Great idea, Baudrillard. Reality has become confusing, therefore, let's act
like retards.

------
krapp
Media necessarily presents an abstraction of reality to the viewer. However,
the pervasive and distributed nature of information gathering and
dissemination in the Internet age opens that abstraction up to people in a way
that simply wasn't possible when all media was "black boxes" (television,
radio, newspaper, etc.) Media now encompasses people uploading footage to
Youtube from their phones in the middle of a war zone.

The premise of Baudrillard's argument as I understand it - that the model of
reality created by media is useless fiction and propaganda, which must, one
assumes, be rejected out of hand as postmodernists seem to want to do - has
possibly become more tenuous over time.
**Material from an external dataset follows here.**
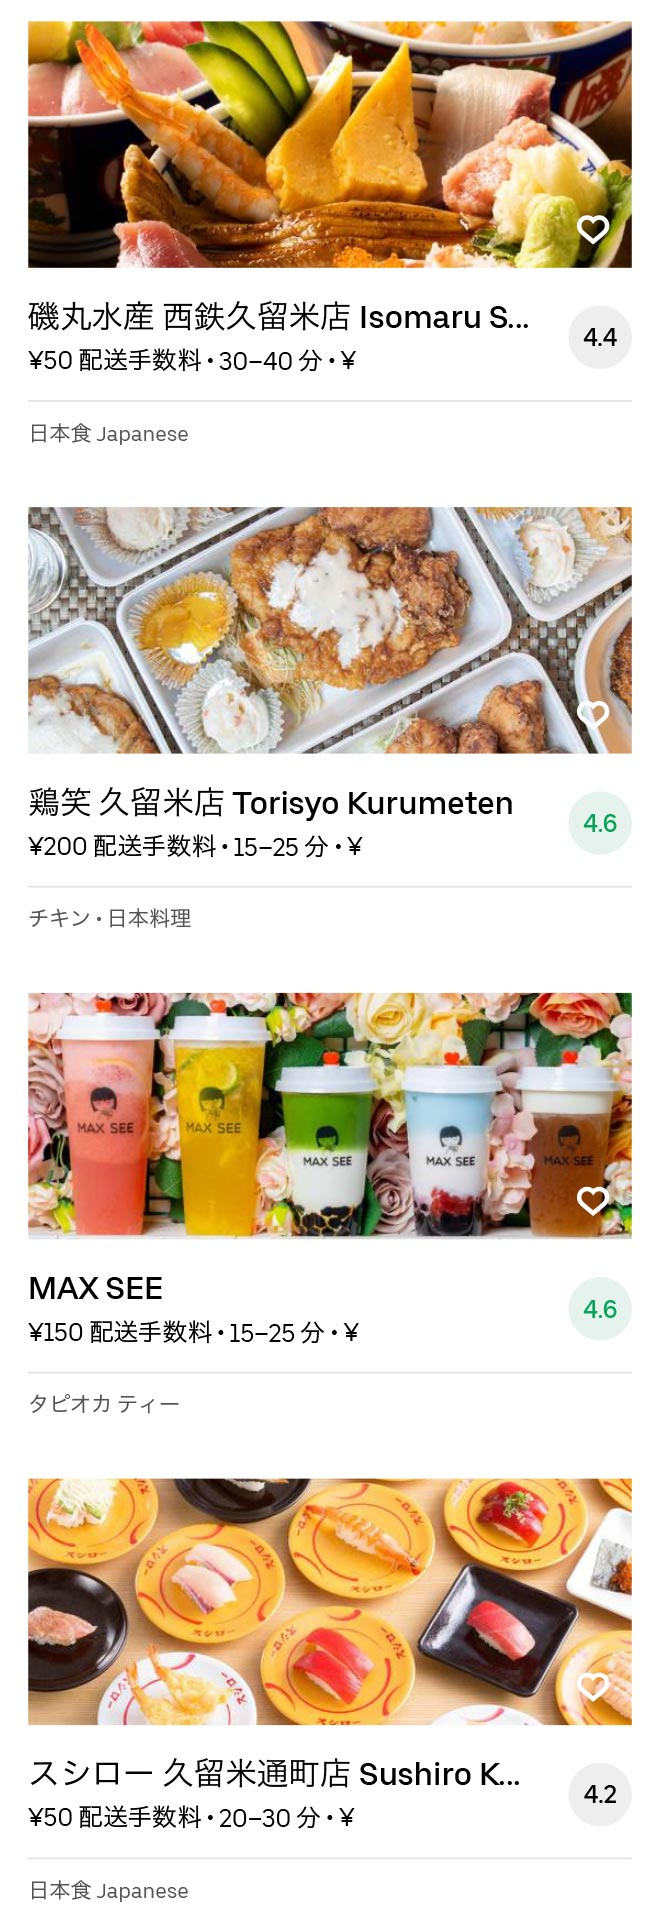 Nishitetsu kurume menu 2008 06

Although some would (and do) assert
that the fabrication of reality by corporate and government interests has only
exploded exponentially and become even more pervasive, and that the appearance
of fine-grained truth presented by social media is, itself, only a more
elaborate set of lies.

This phenomenon, by which reality is described through abstractions and
attempts at narrative, is everywhere - and it's arguably unavoidable, given
that the very nature of human consciousness is a post-hoc hallucination
generated by the unreliable narrator that is the brain. Should science dismiss
all of its theories as incredulous nonsense because its models are
falsifiable? Of course not, because even imperfect models can be useful. What
exactly are we to be left with, if we must reject abstraction? We cannot
reject it, we are it.

It is likely true, however, that for many people the rest of the world exists
primarily in the form of a set of packaged narratives or curated experiences
presented on an electronic screen or a device. There is also possibly a
discussion worth having on the ever-shifting definitions of "war" and
"terrorism" and just and unjust conflict in the modern age, because to an
extent, the arbiters of these definitions exist as ghosts in the machine.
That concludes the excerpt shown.